Does my caller's audio leave my server when CodeB Voice AI answers a call?

It depends on the backend the operator configured. With a cloud AI Voice Engine, caller audio is streamed in real time to the model API and processed there under that vendor's terms. With the on-premise AI Voice Engine backend, no audio leaves the machine. There is no default cloud connection — if no model is configured, AI calls do not run.

Where do AI-call transcripts live?

Tenant-local under App_Data/ /ai-transcripts/ as .txt and .json. The bridge can email a copy to the operator address attached to the vnum or campaign. Nothing is uploaded anywhere else by default.

Who is the data controller for AI calls?

You are. If your deployment runs AI calls using a cloud model, you are the controller for that processing under GDPR Art. 4(7) and equivalent law in your jurisdiction. You choose the model backend, the retention policy, and the caller disclosure. Aloaha Limited and the model vendor are processors.

Do I have to tell callers they're speaking to an AI?

Yes, in most jurisdictions. The EU AI Act (Art. 50) requires disclosure of AI interaction; some US states require it at the start of the call; sectoral law (e.g. healthcare) may impose stricter rules. Disclosure is typically delivered in the AI's first sentence or via a hold-message before the model picks up.

Can I run CodeB Voice AI fully on-premise with no cloud model?

Yes. Configure the bridge with the on-premise AI Voice Engine text-to-speech backend, or wire it to an on-premise inference server running a on-premise speech-to-text + an open-weights model combo. No caller audio, transcripts or prompts leave the machine. The trade-off is response latency and natural-language quality — practical for scripted intake, not yet matching the cloud AI Voice Engine for free-flow conversation.
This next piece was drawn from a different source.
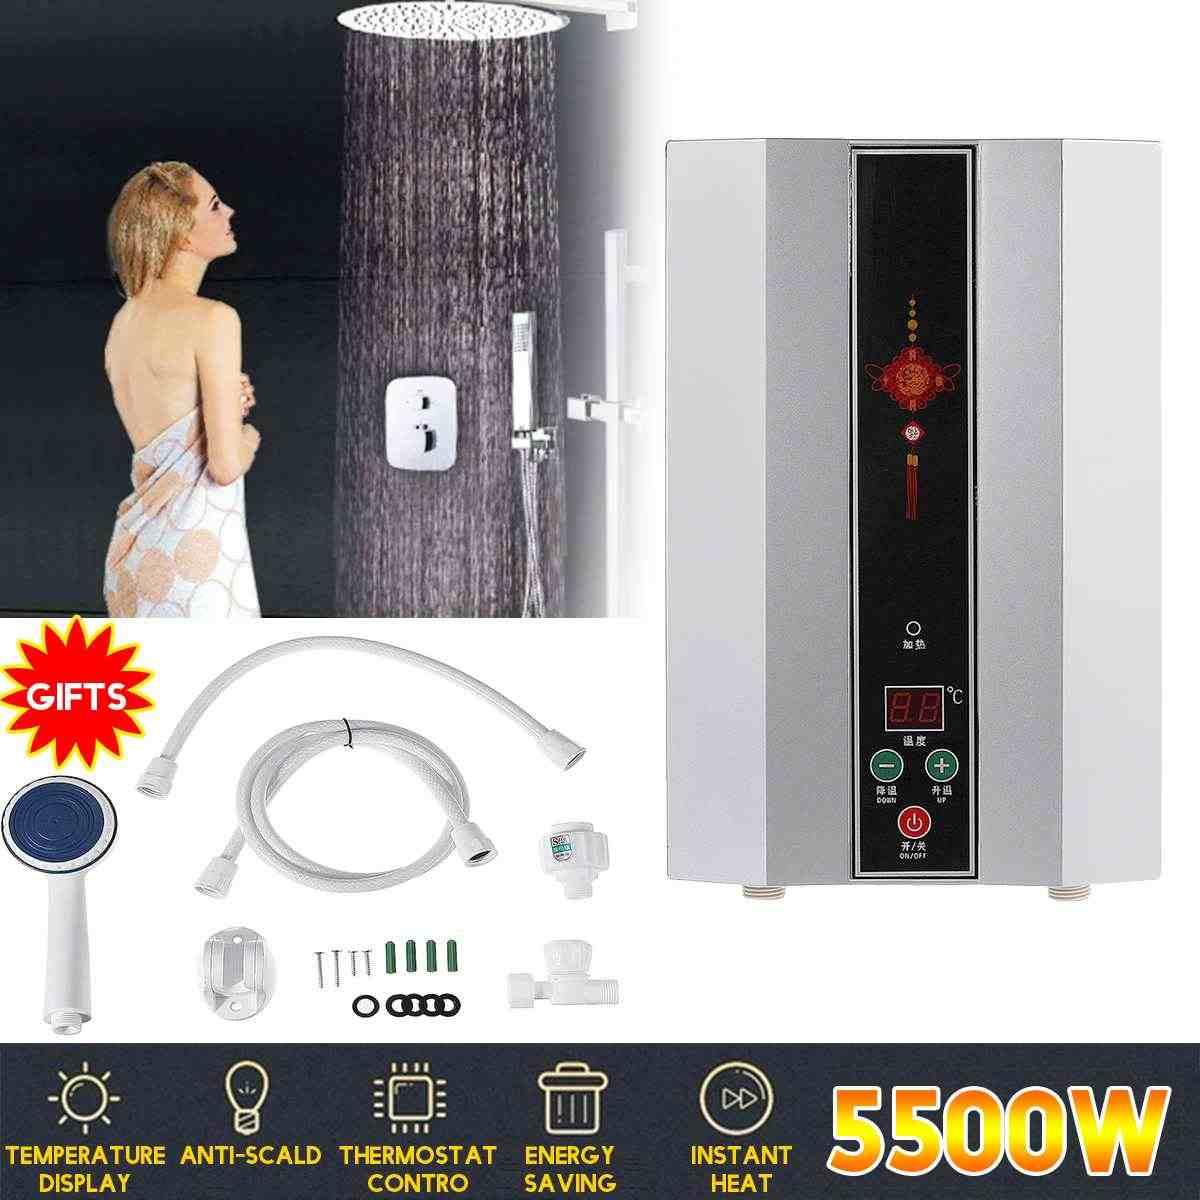 5500W chauffe-eau électrique instantané sans réservoir chauffe-eau instantané chauffe-eau électrique instantané rapide 3 secondes douche chaude

What about call recording and consent?

CodeB does not record AI calls as audio files. It writes the transcript (text only) returned by the model. If you need full audio recording, that is a separate feature governed by your own retention policy and consent flow.

AI·PRIVACY·v1

AI calls have a different privacy posture than meetings.

CodeB Sovereign Communications and CodeB Phone keep human-to-human media inside your deployment. CodeB Voice AI doesn’t, by design — not unless you pick the local backend. This page explains exactly what changes when an AI call runs, who becomes responsible for what, and what choices you have.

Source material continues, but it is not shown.